Describes the specified speaker.

See also: AWS API Documentation

Request Syntax

client.describe_speaker(
    DomainId='string',
    SpeakerId='string'
)
type DomainId

string

param DomainId

[REQUIRED]

The identifier of the domain that contains the speaker.

type SpeakerId

string

param SpeakerId

[REQUIRED]

The identifier of the speaker you are describing.

rtype

dict

returns

Response Syntax

{
    'Speaker': {
        'CreatedAt': datetime(2015, 1, 1),
        'CustomerSpeakerId': 'string',
        'DomainId': 'string',
        'GeneratedSpeakerId': 'string',
        'LastAccessedAt': datetime(2015, 1, 1),
        'Status': 'ENROLLED'|'EXPIRED'|'OPTED_OUT'|'PENDING',
        'UpdatedAt': datetime(2015, 1, 1)
    }
}

Response Structure

  • (dict) --

    • Speaker (dict) --

      Information about the specified speaker.

      • CreatedAt (datetime) --

        A timestamp showing when the speaker is created.

      • CustomerSpeakerId (string) --

        The client-provided identifier for the speaker.

      • DomainId (string) --

        The identifier of the domain that contains the speaker.

      • GeneratedSpeakerId (string) --

        The service-generated identifier for the speaker.

      • LastAccessedAt (datetime) --

        The timestamp when the speaker was last accessed for enrollment, re-enrollment or a successful authentication. This timestamp is accurate to one hour.

      • Status (string) --

        The current status of the speaker.

      • UpdatedAt (datetime) --

        A timestamp showing the speaker's last update.

EvaluateSession (updated) Link ¶
Changes (response)
{'AuthenticationResult': {'Decision': {'SPEAKER_EXPIRED'}}}

Evaluates a specified session based on audio data accumulated during a streaming Amazon Connect Voice ID call.
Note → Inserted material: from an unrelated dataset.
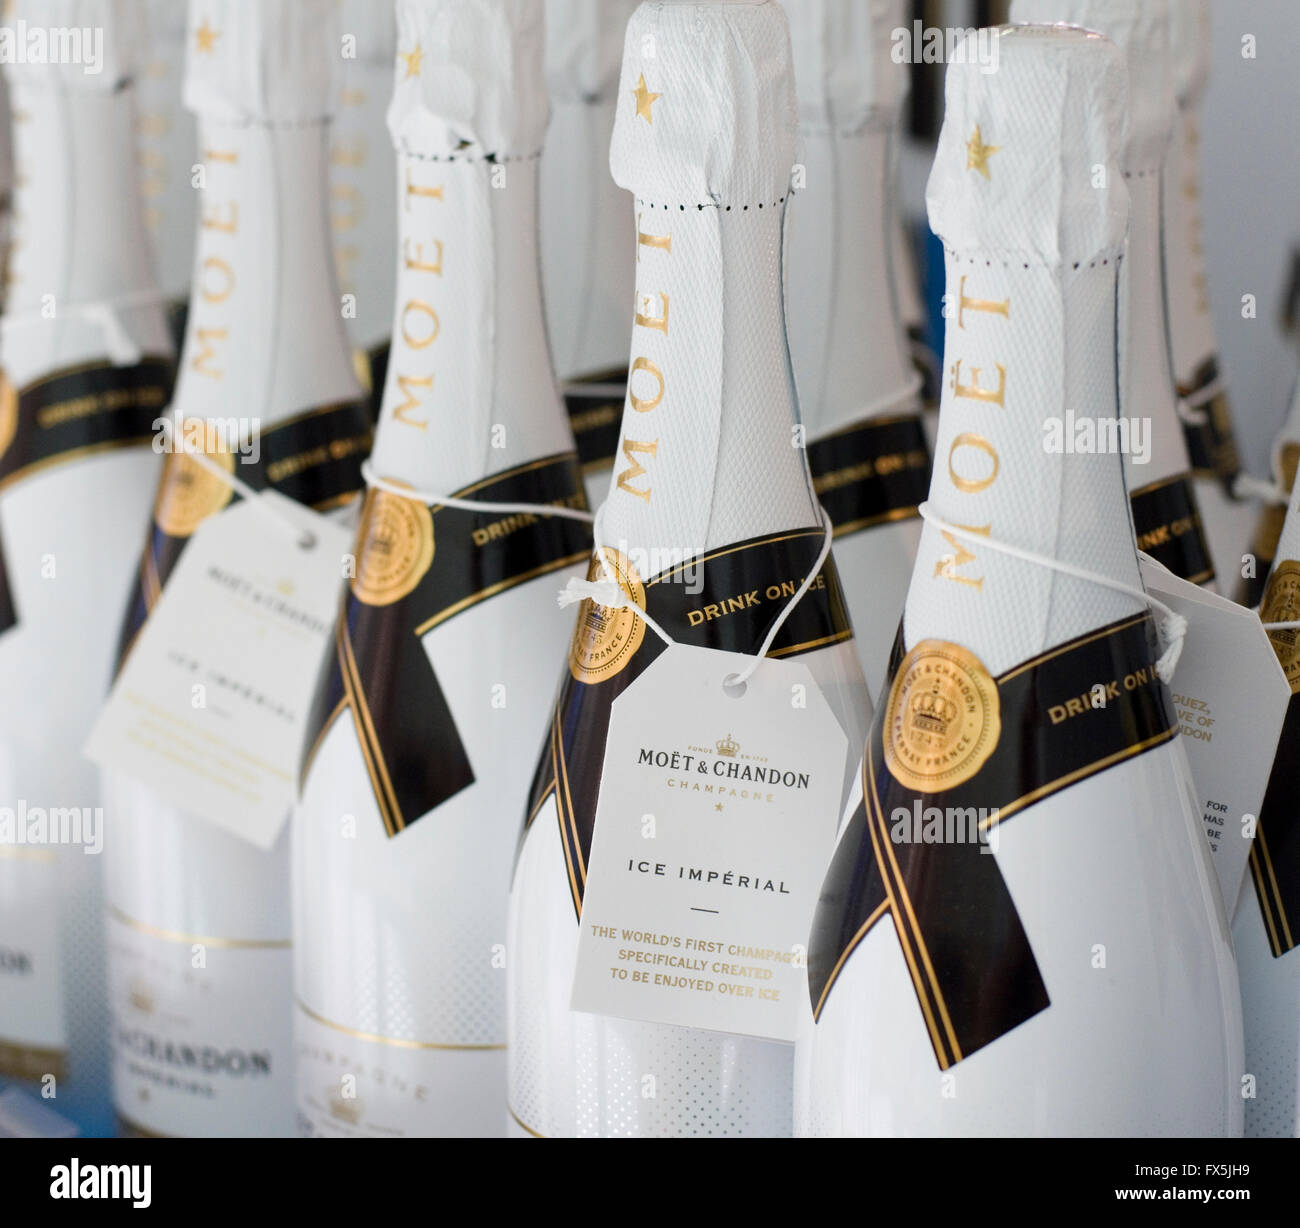 Rows of Moet Et Chandon champagne bottles. Ice Imperial - designed to be drunk over ice. Stock Photo
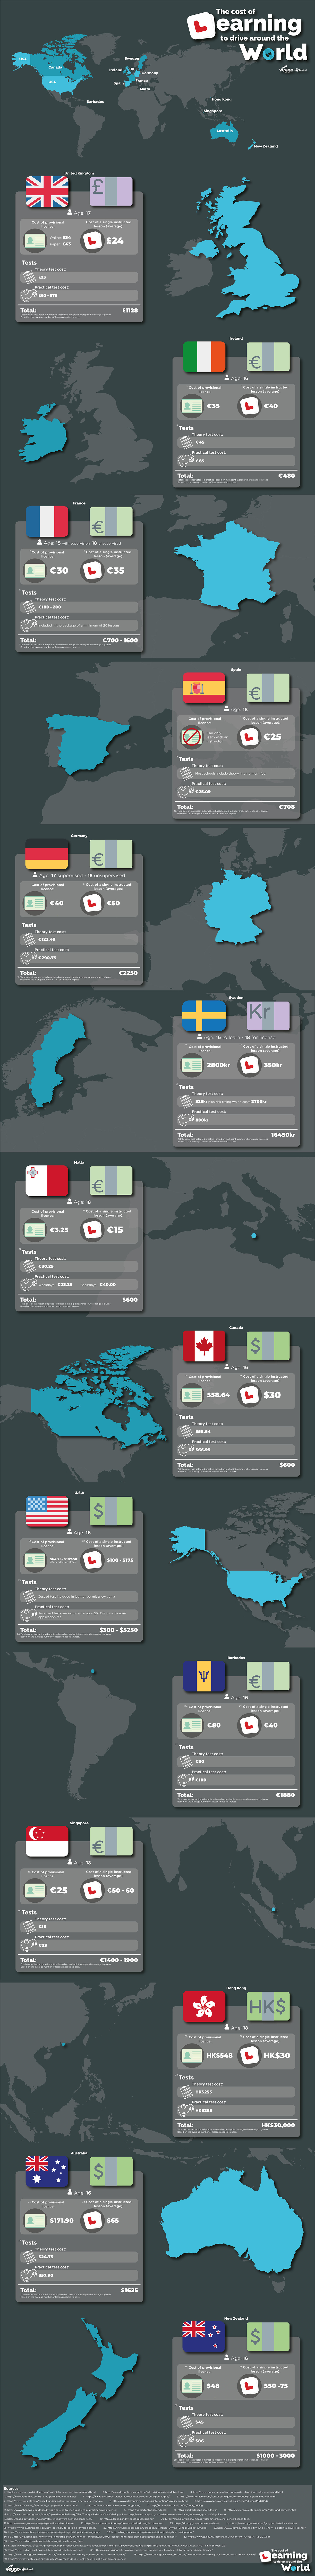 cost of learning to drive around the world infographic

See also: AWS API Documentation

Request Syntax

client.evaluate_session(
    DomainId='string',
    SessionNameOrId='string'
)
type DomainId

string

param DomainId

[REQUIRED]

The identifier of the domain where the session started.

type SessionNameOrId

string

param SessionNameOrId

[REQUIRED]

The session identifier, or name of the session, that you want to evaluate. In Voice ID integration, this is the Contact-Id.

rtype

dict

returns

Response Syntax

{
    'AuthenticationResult': {
        'AudioAggregationEndedAt': datetime(2015, 1, 1),
        'AudioAggregationStartedAt': datetime(2015, 1, 1),
        'AuthenticationResultId': 'string',
        'Configuration': {
            'AcceptanceThreshold': 123
        },
        'CustomerSpeakerId': 'string',
        'Decision': 'ACCEPT'|'REJECT'|'NOT_ENOUGH_SPEECH'|'SPEAKER_NOT_ENROLLED'|'SPEAKER_OPTED_OUT'|'SPEAKER_ID_NOT_PROVIDED'|'SPEAKER_EXPIRED',
        'GeneratedSpeakerId': 'string',
        'Score': 123
    },
    'DomainId': 'string',
    'FraudDetectionResult': {
        'AudioAggregationEndedAt': datetime(2015, 1, 1),
        'AudioAggregationStartedAt': datetime(2015, 1, 1),
        'Configuration': {
            'RiskThreshold': 123
        },
        'Decision': 'HIGH_RISK'|'LOW_RISK'|'NOT_ENOUGH_SPEECH',
        'FraudDetectionResultId': 'string',
        'Reasons': [
            'KNOWN_FRAUDSTER',
        ],
        'RiskDetails': {
            'KnownFraudsterRisk': {
                'GeneratedFraudsterId': 'string',
                'RiskScore': 123
            }
        }
    },
    'SessionId': 'string',
    'SessionName': 'string',
    'StreamingStatus': 'PENDING_CONFIGURATION'|'ONGOING'|'ENDED'
}

Response Structure

  • (dict) --

    • AuthenticationResult (dict) --

      Details resulting from the authentication process, such as authentication decision and authentication score.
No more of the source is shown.